Nun steht er wieder in buntprächtigem Herbstgewand, der liebe Heimatwald. Glühend, leuchtend, flackernd wie lohende Feuergarben ragen seine stolzen Baumwipfel ins Tal, ins Dorf und winken, winken … Nun muss ich noch einmal hinauf, muss mich in trunkener Wonne noch einmal an seiner herben, wehmutsvollen Schönheit laben, ehe sie erstirbt, vergeht, verweht.

So schreite ich nun dahin durch raschelndes Laub und kann wieder lautlos, mit unhörbarem Schritt über Moos und Humus, unter schillernden Laubengängen, durch Lichtungen, über Steingeröll und dürres, totes Reisig, hin über hundertfältig verstreut liegende Kleinigkeiten und Wenigkeiten.

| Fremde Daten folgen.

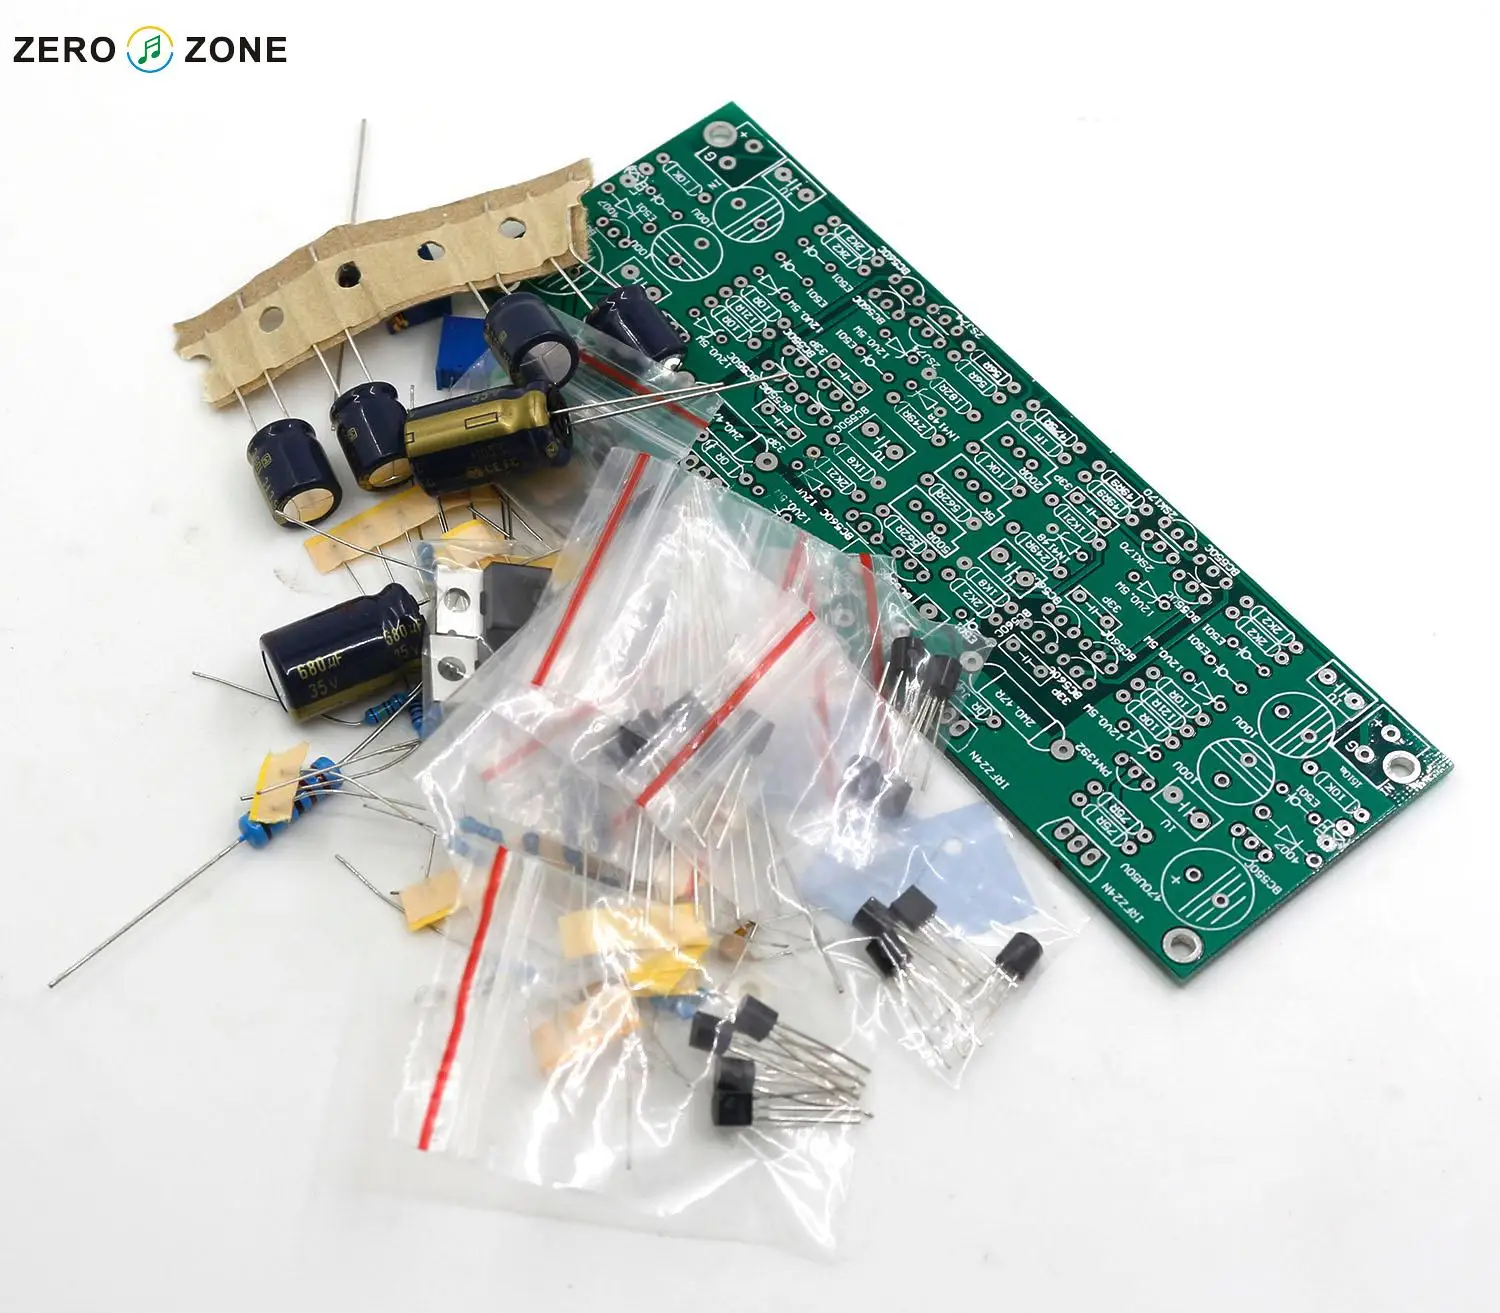 

B22 (reference Beta 22 β22 circuit) HI-END reference level amp kit

Einsamkeit umfängt mich, Märchenstimmung. „Da kamen sie in einen großen Wald.“ So ist er die Geburtsstätte so vieler schöner, einfältiger Kindermärchen geworden. Geheimnisvoll raunt es in den Wipfeln, wie Ruderschlag eines Fährmannes, der im gleitenden Nachen durch kräuselnde Wellen zieht. Säuselwind greift in die Wipfel hinein, und Blättern tanzen, gaukeln wie bunt schillernde Falter dahin, bis sie irgendwo zur Erde gehen, neue Humusschichten bildend, Keime bergend für neues Leben. Alte Baumstümpfe schneiden Grimassen; zu ihren Füßen modernde Pilze, dunkles Flechtengebilde.

Da tönen Kinderstimmen, Kinderlachen. Arme Kinder sind’s unten aus dem Dorf. Behend klettern sie am Hange und raffen Reisig – dürres Reisig. Es ist nicht viel Wert wie all die Kleinigkeiten und Wenigkeiten, die verstreut liegen. Aber doch, es ist etwas wert, wenn es zusammengerafft wird, wenn es auf der Hofstätte liegt, wenn es knistert und rote Flammenreflexe an die Wände des trauten Stübchens zaubert und wohlige Wärme spendet am häuslichen Herd. Beim Schauen der kleinen Rangen, dieser naturwüchsigen, unverhätschelten Dorfkinder, die früh den Wert der Arbeit kennenlernten, erinnere ich mich, wie ich mit der Mutter Reisig sammeln ging, wie sie mich all die Kleinigkeiten, die unbeachtet am Wege liegen, achten und schätzen lehrte. Einmal weiß ich, da habe ich sie gefragt in kindlicher Einfalt: „Mutter, warum sammelst du das dürre Holz?“ – „Ei, mein Junge, dass du Weihnachten ein warmes Stübchen hast!“ Heute weiß ich, dass man sich erwärmen kann, lange, ein ganzes Leben lang, an einem Mutterwort aus Kinderzeit. Ach, hätte ich es damals schon so gewusst, ich hätte viel, viel mehr hingeschaut.

Nun, da mir das Wort „Weihnachten“ in den Sinn kam, da hob ich hier ein Stückchen Rinde auf, dort wuchernde dunkle Flechte und Moos, ein groteskes Wurzelgebilde, ein seltsames Steinchen. Wisst ihr, wozu? Diese Kleinigkeiten sollen mein Herz erwärmen im kalten Novembertag, wie das Reisig dort die frierenden Kinder. Ein feines Weihnachtskripplein wird daraus. Macht’s auch so!

Nun leb’ wohl, du schöner Heimatwald! Mein Auge ruht auf einem Grüpplein kleiner Tannen. Ein kleiner Baum lacht und verspricht mir: Ich komme herab zu dir, wenn’s Christkindlein kommt. Dann steckst du bunt schimmernde Vögel als „Grüße vom Wald“ in mein Gezweig – und brennende Lichtlein! Mit dem Vorschlage bin ich einverstanden. Ich winke dem Herbstwald Abschied zu, steige talab und summe: O Tannenbaum – o Tannenbaum –
wie treu sind deine Blätter.

Und wie ich unten bin, an der Weißdorneinfriedigung der Bahnstrecke, rollt der Zug aus dem Bahnhof. Tücher flattern, Hände winken. Bekannte Gesichter an den Wagenfenstern … Nun winken sie auch mir: „Mach’s gut!“

Es sind Saisonarbeiter, die auf die Zuckerfabrik gehen – und gleich mir nimmt mancher heute auch, wenn ihn das Dampfross die waldumsäumte Strecke dahin trägt, Herbstabschied vom Heimatwald.